Te słowa przypomniały mi, gdzie jestem. Przestałam warczeć i usiadłam na ziemi. Zadowolony farmer dał mi obwąchać dłoń. Wtedy wyczułam, że w jego kieszeni znajduje się coś do zjedzenia. Zaczełam szturchać nosem owe miejsce. Mężczyzna domyślił się, że jestem głodna. Wyjął ze swojej kieszeni wędzoną kiełbasę i przerwał ją na pół. Jedną część podał mi, a drugą zjadł sam. Wchłonęłam błyskawicznie mięso. Przez myśl przeszło mi, aby zostać z tym człowiekiem. Mieszkać w jego domu i chronić jego rodzinę. Szybko jednak odrzuciłam ten pomysł. Musiałam iść dalej.
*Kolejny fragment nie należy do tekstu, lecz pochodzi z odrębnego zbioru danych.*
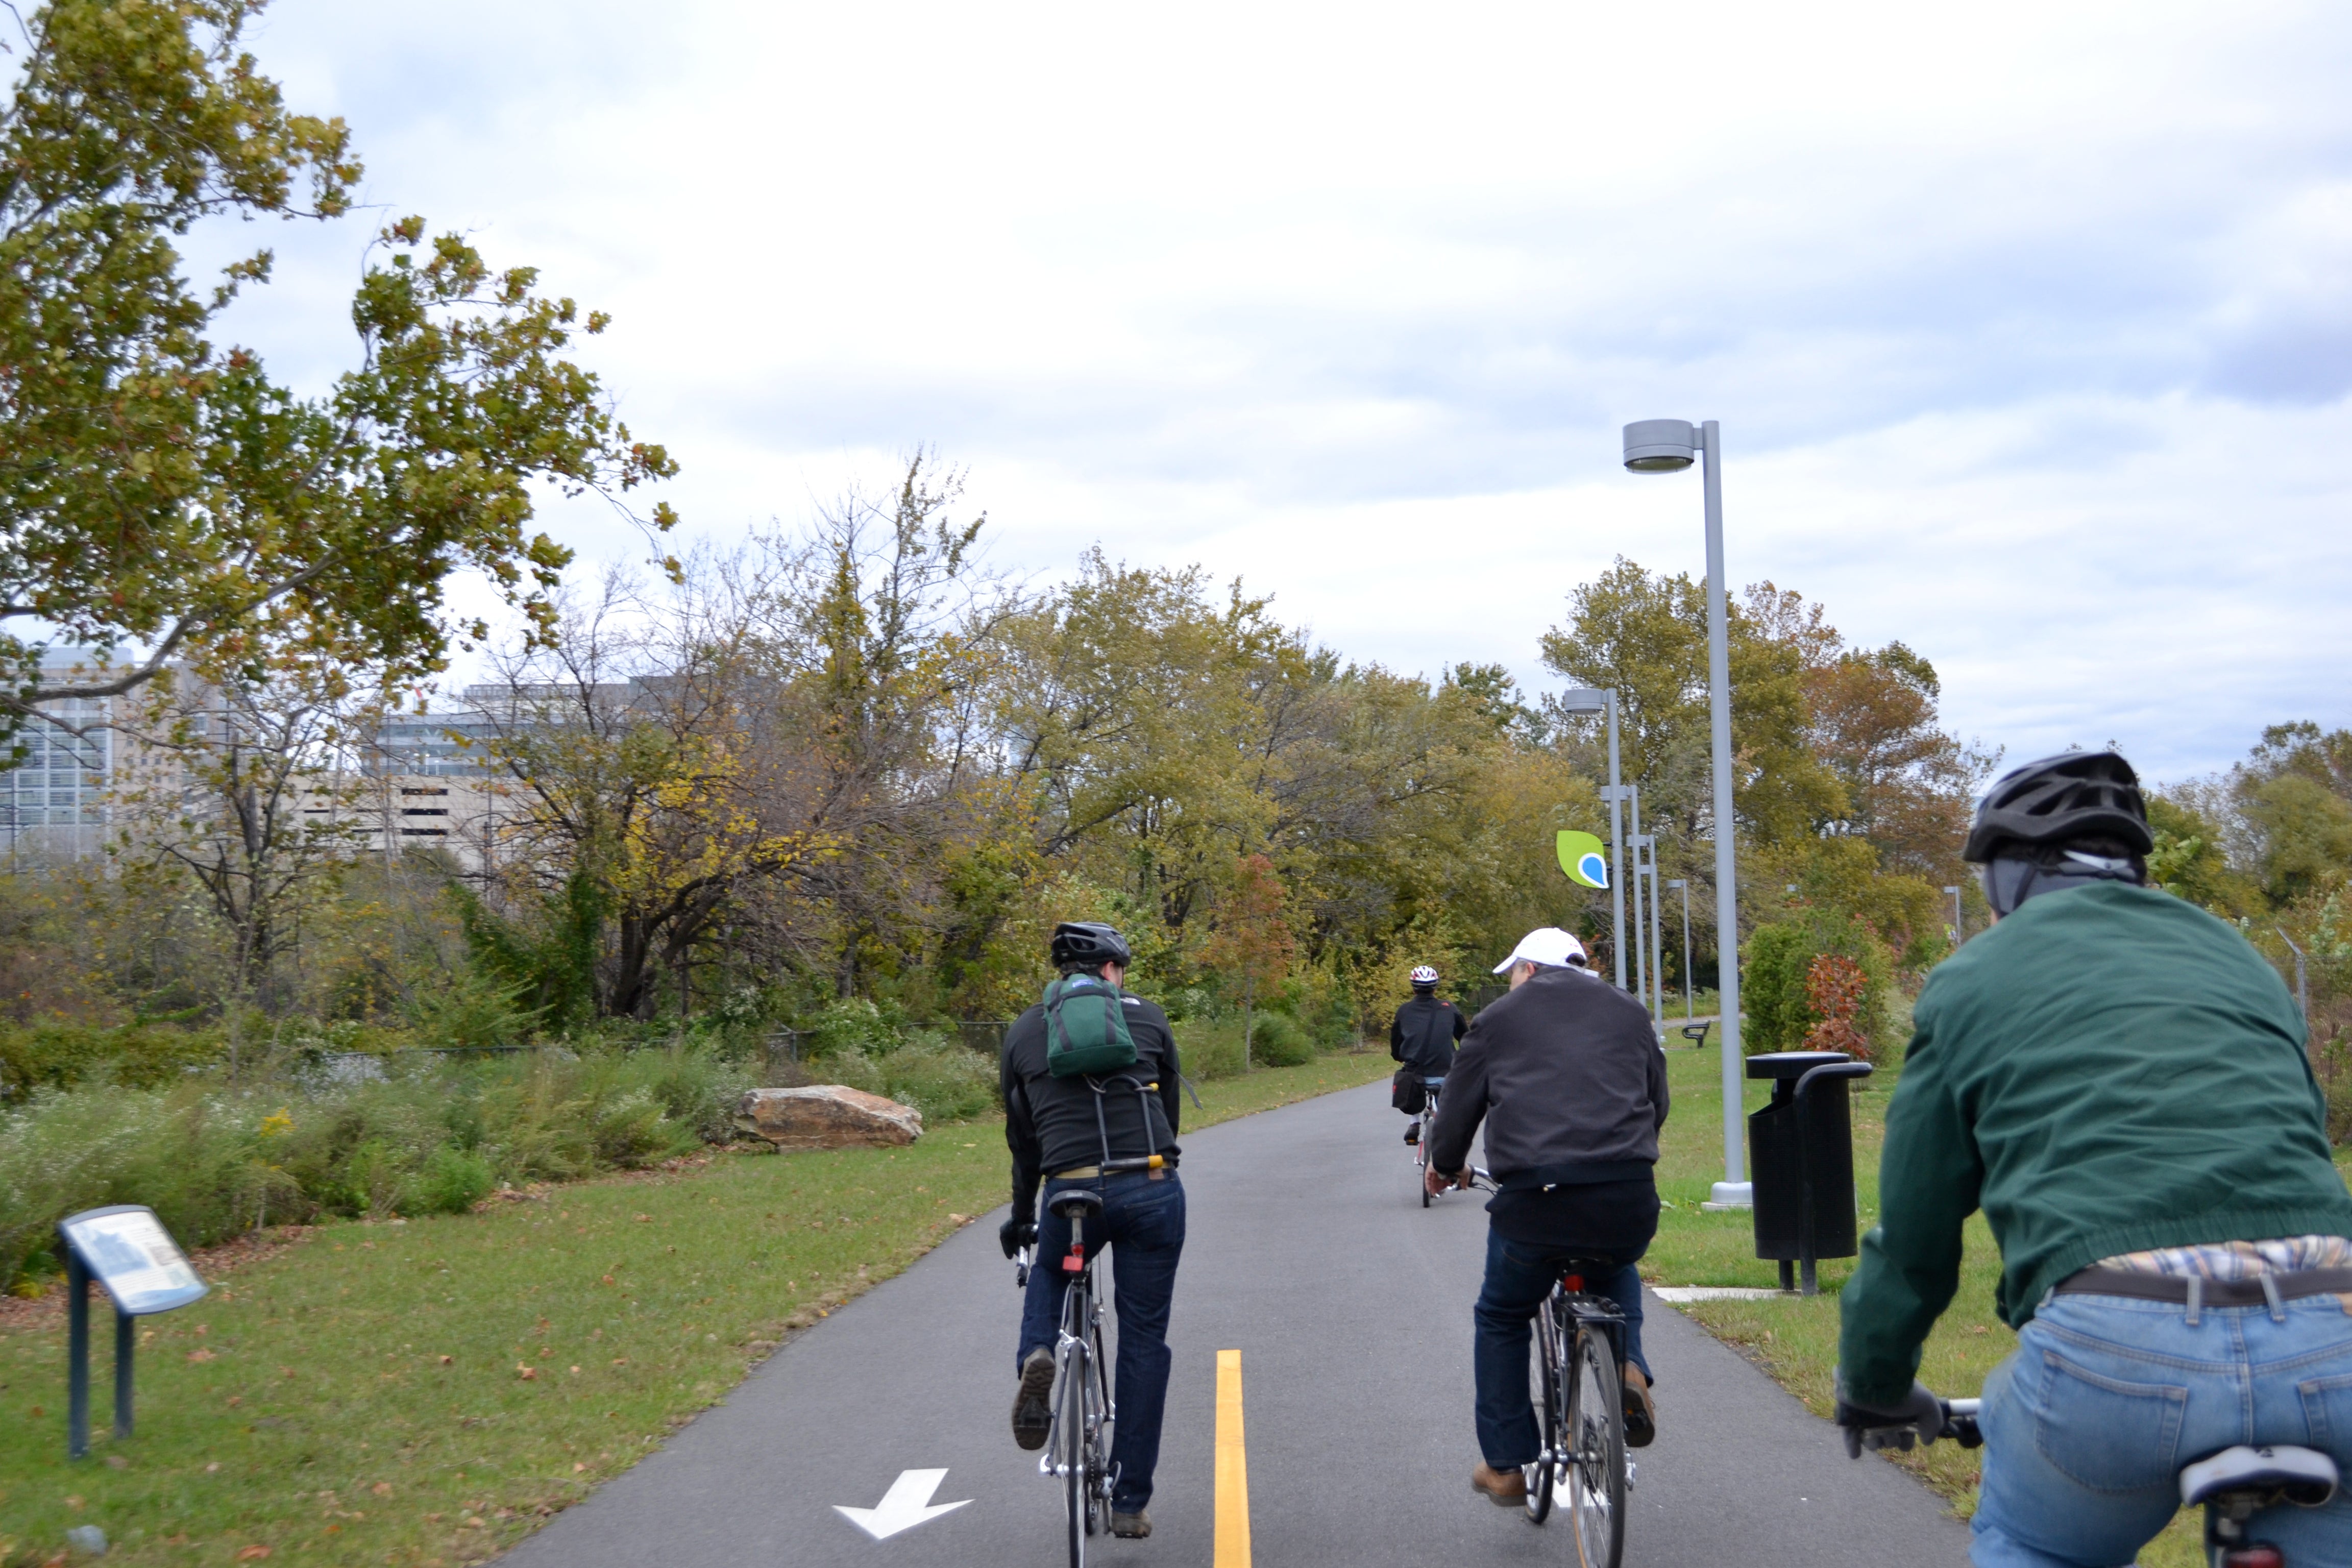 Grays Ferry Crescent, now the southern most portion of the Schuylkill River Trail will soon lead into Bartram's Mile

Polizałam dłoń mężczyzny jako podziękowanie za posiłek i pobiegłam dalej. Farmer spojrzał tylko za mną z lekkim zażenowaniem. Pewnie spodziewał się, że będę chciała z nim zostać. Po chwili jednak wrócił do pracy. Ja biegłam dalej. W pewnym momencie wyczułam zapach innego psa. Sfory psów. Jednak bylo za późno. Niedługo po wykryciu zapachu wpadłam na obcego. Przyjęłam pozycje obronną. Spodziewałam się ataku. Jednak nic nie nastąpiło. Pies stanął przede mną nieco skonsternowany. Nie zamierzał atakować. O co chodziło? Czemu nie szczekał? Czemu nie reagował?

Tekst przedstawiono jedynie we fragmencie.